BERT-based distractor generation for Swedish reading comprehension
questions using a small-scale dataset
- URL: http://arxiv.org/abs/2108.03973v1
- Date: Mon, 9 Aug 2021 12:15:47 GMT
- Title: BERT-based distractor generation for Swedish reading comprehension
questions using a small-scale dataset
- Authors: Dmytro Kalpakchi and Johan Boye
- Abstract summary: We present a new BERT-based method for automatically generating distractors using only a small-scale dataset.
Evaluation shows that from a student's perspective, our method generated one or more plausible distractors for more than 50% of the MCQs in our test set.
- Score: 0.0
- License: http://creativecommons.org/licenses/by/4.0/
- Abstract: An important part when constructing multiple-choice questions (MCQs) for
reading comprehension assessment are the distractors, the incorrect but
preferably plausible answer options. In this paper, we present a new BERT-based
method for automatically generating distractors using only a small-scale
dataset.
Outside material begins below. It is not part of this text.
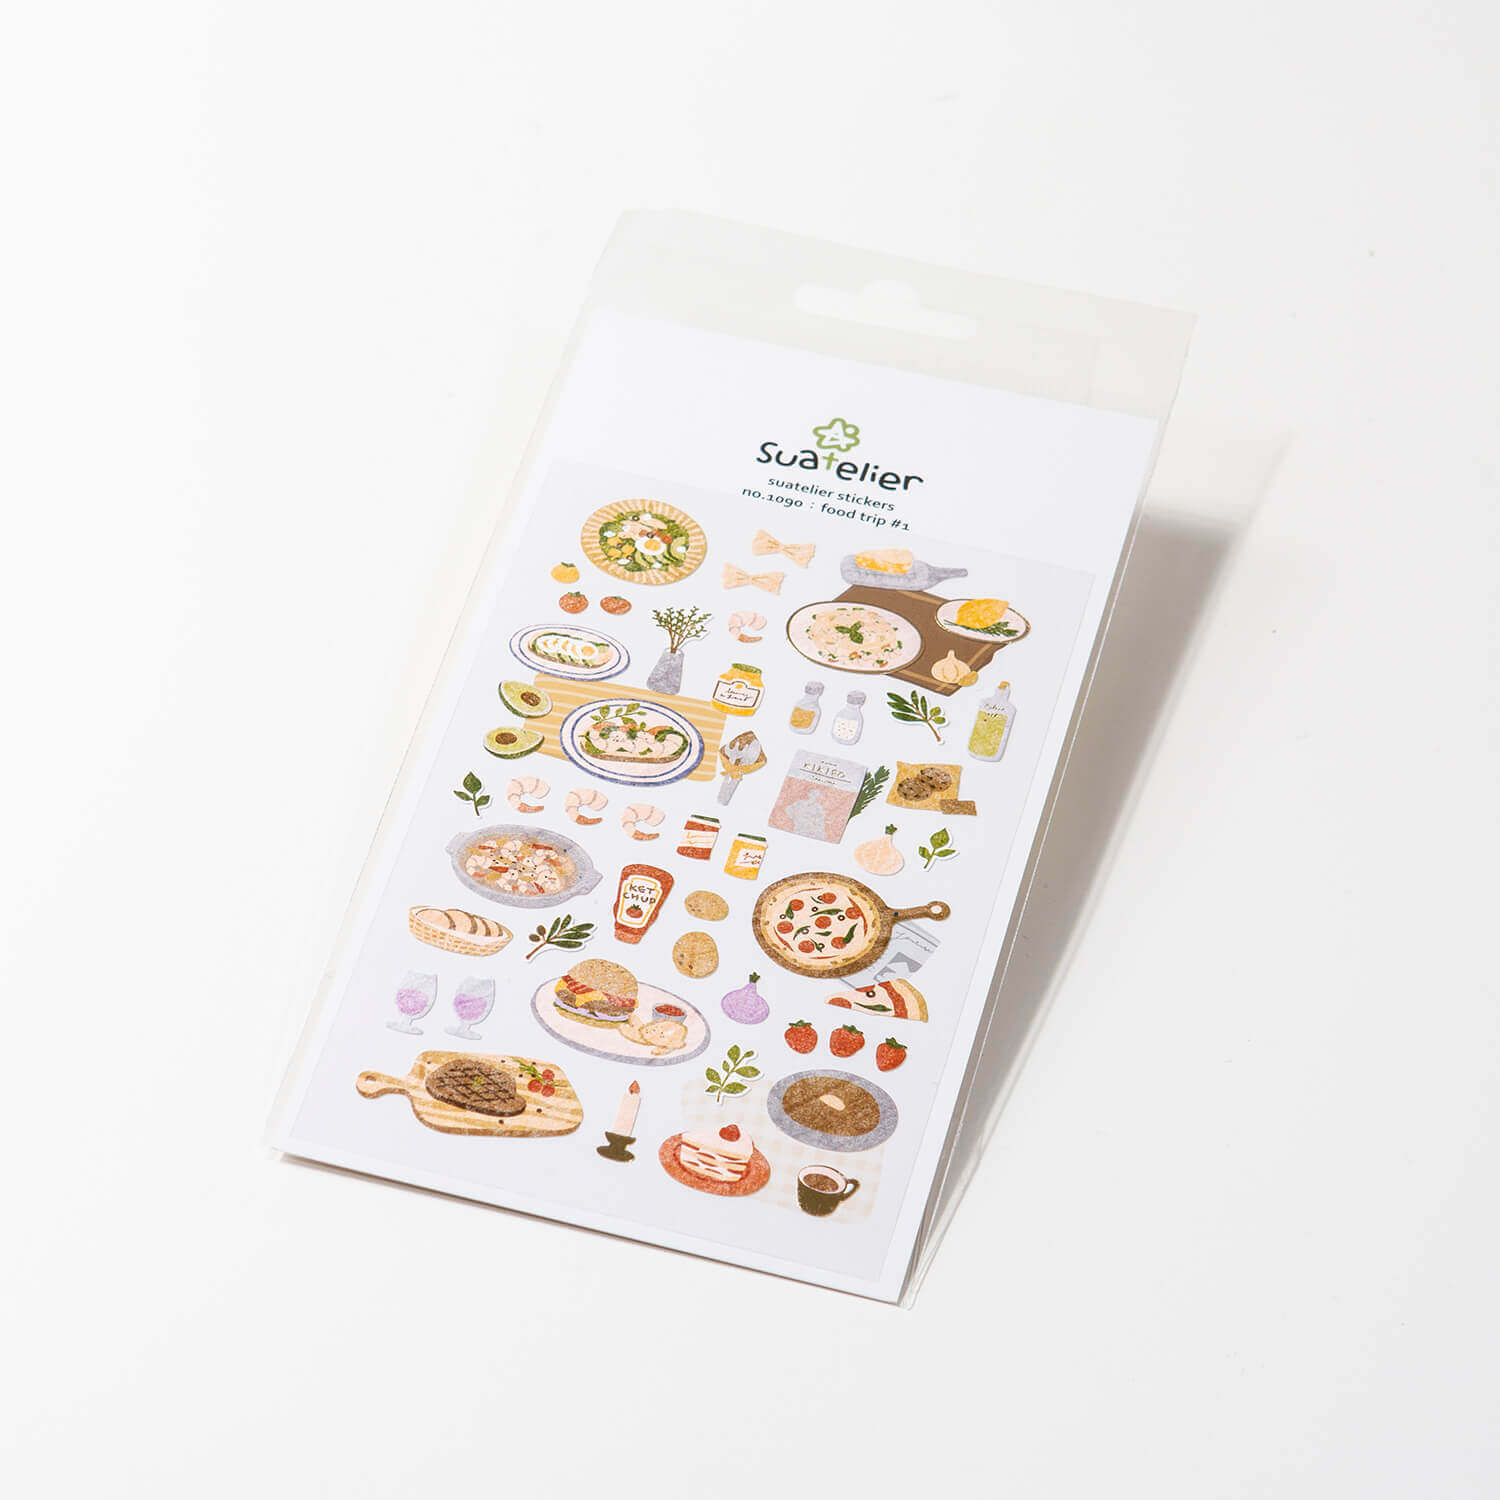 Sautelier Sticker: Food Trip #1
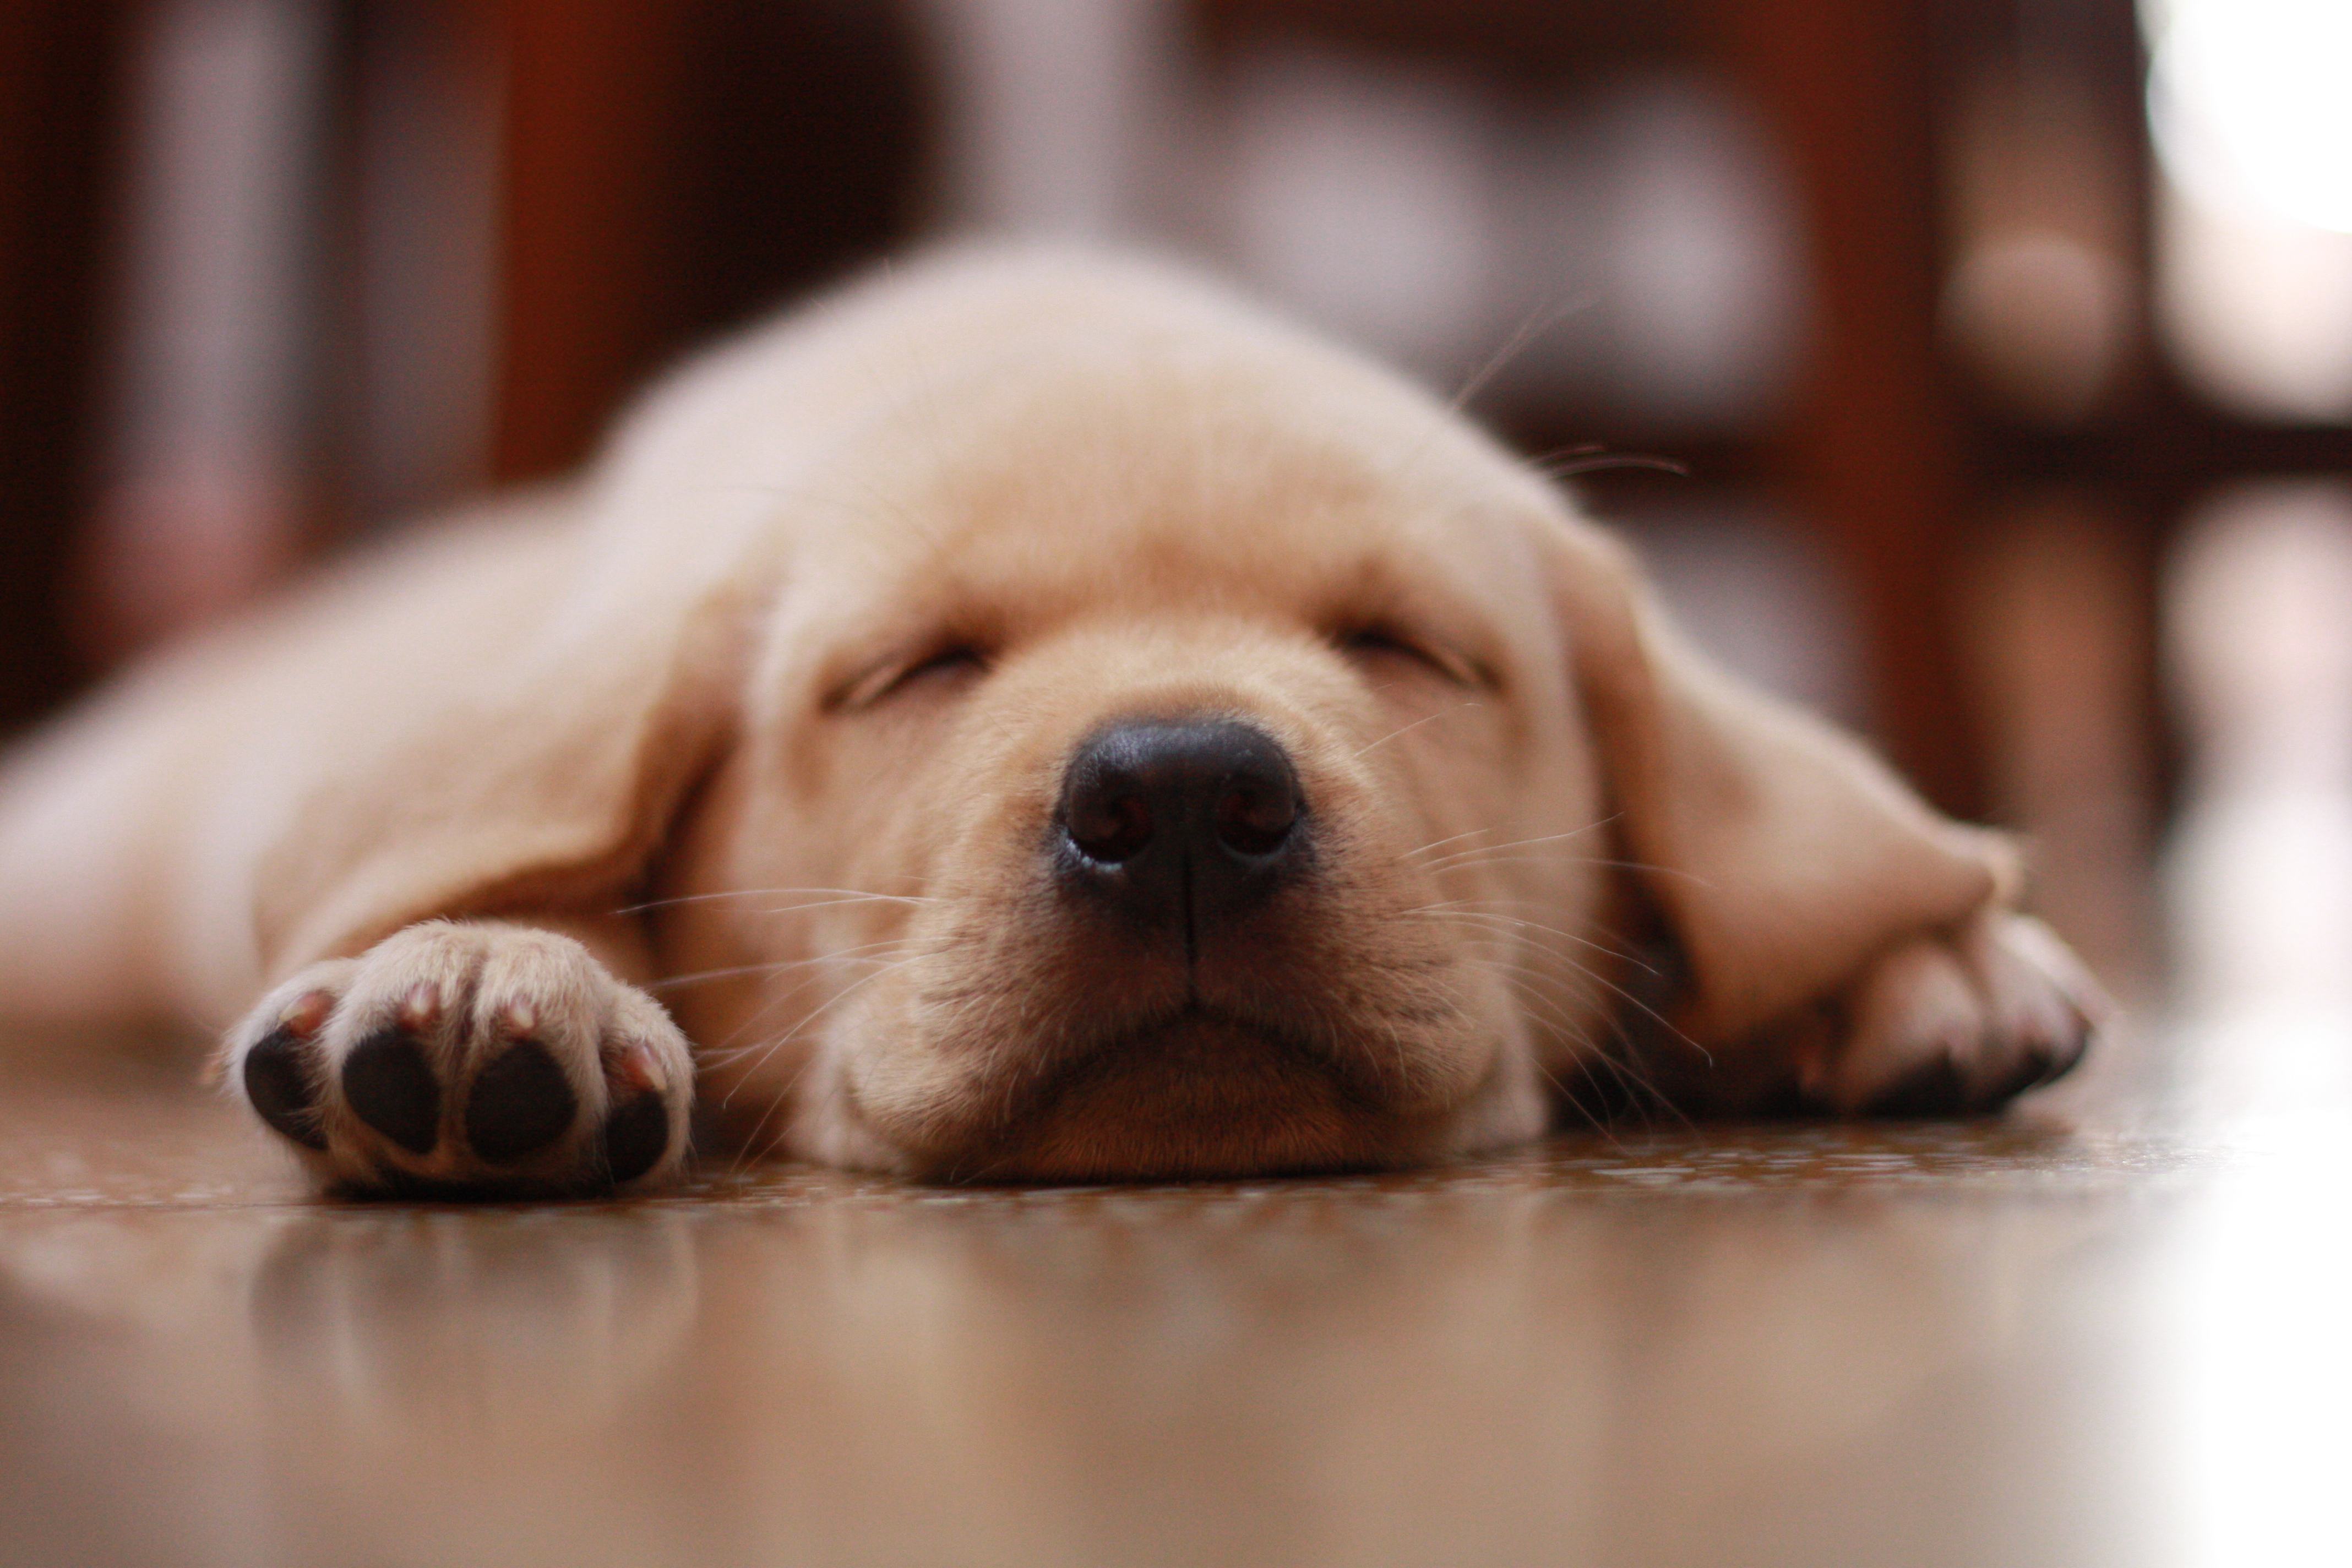 フリー画像 動物写真 哺乳類 イヌ科 犬 イヌ 子犬 寝顔 寝相 寝姿 ラブラドール レトリバー フリー素材 画像素材なら 無料 フリー写真素材のフリー フォト

We also release a new such dataset of Swedish MCQs (used for training
the model), and propose a methodology for assessing the generated distractors.
Evaluation shows that from a student's perspective, our method generated one or
more plausible distractors for more than 50% of the MCQs in our test set. From
a teacher's perspective, about 50% of the generated distractors were deemed
appropriate. We also do a thorough analysis of the results.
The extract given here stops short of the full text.